“Tu cerebro es extraordinario pero también fácil de engañar”, reza una de las frases publicitarias de este programa de Natgeo que, como pocos, exige total atención a la acción en pantalla. Titulado Brain games en su edición original, despliega incontables ejemplos para exponer cómo, a pesar de las impresionantes capacidades de nuestro órgano central, centro del sistema nervioso que nos permite pensar, enjuiciar y decidir, es susceptible de caer en trampas. A la par también nos explica de qué manera opera y organiza nuestras experiencias mediatizadas por la vista y el oído, y cómo asume la creatividad, la mentira, el atractivo y la persuasión.
Conducido por Jason Silva, un joven filósofo, cineasta y presentador de televisión estadounidense de origen venezolano, reconocido por documentales y espacios que conjugan la intelectualidad con dosis “magazinescas”, Juegos mentales encarna un hito en la historia de Natgeo: 1.5 millones de espectadores en sus primeros dos episodios.

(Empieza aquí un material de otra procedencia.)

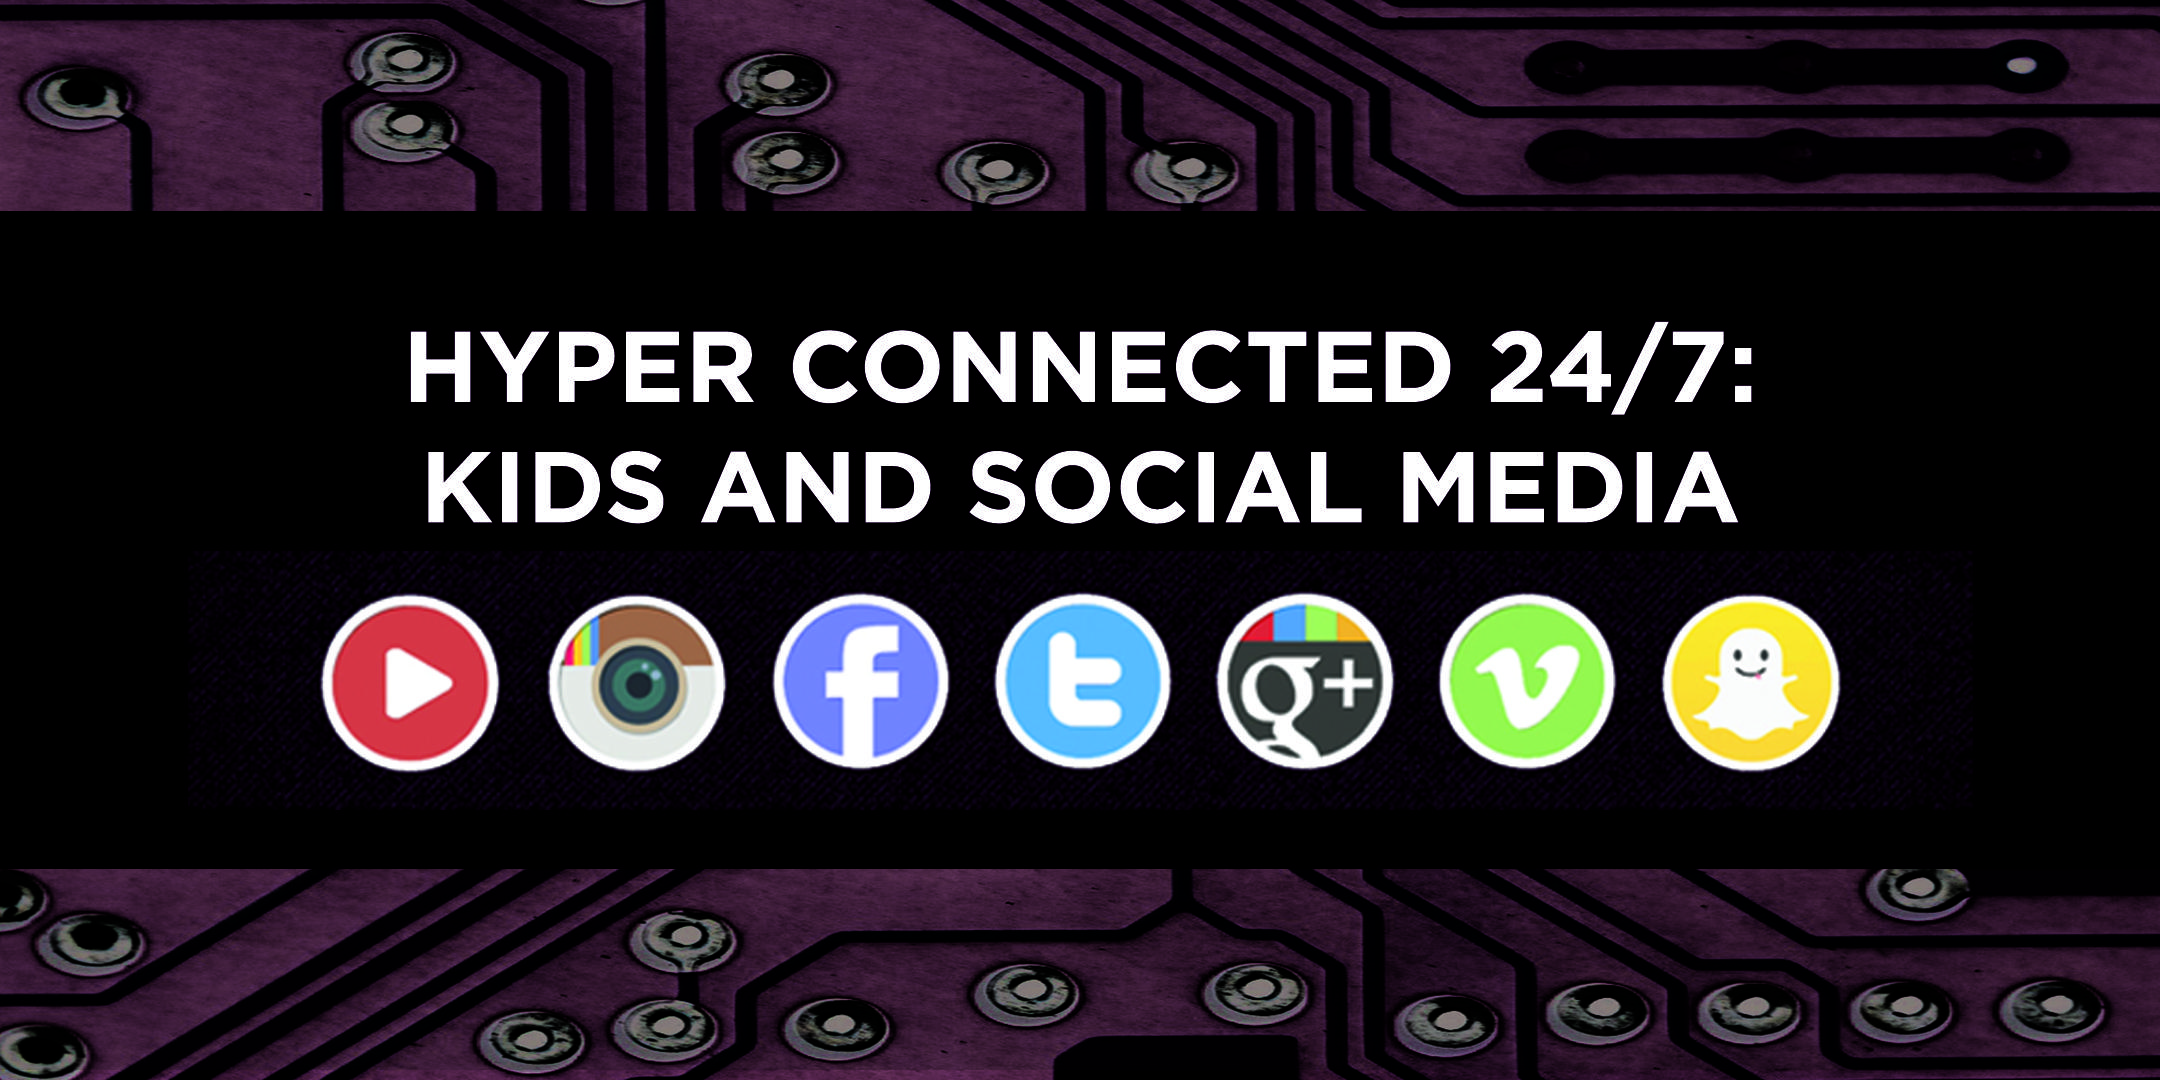 Hyper Connected 24/7: Kids & Social Media

Si bien hay abundante información científica para detallar los complejos mecanismos de esa masa viscosa vital protegida por el cráneo, el lenguaje prioriza el sentido didáctico y llano, marca registrada de Natgeo. Otro ingrediente bien cocinado son las pruebas ejecutadas por ilusionistas, complementos exactos para la explicación de algunos procesos. Al ser revelados determinados trucos, comprendemos mejor los atajos que toma el cerebro para darle sentido a la información entrante.
Se suman una serie de desafíos lúdicos no solo sorprendentes por su ingenio, sino porque exigen un tipo de concentración atípica para las demandas habituales de la televisión. Con Juegos mentales uno no es un espectador, sino un participante.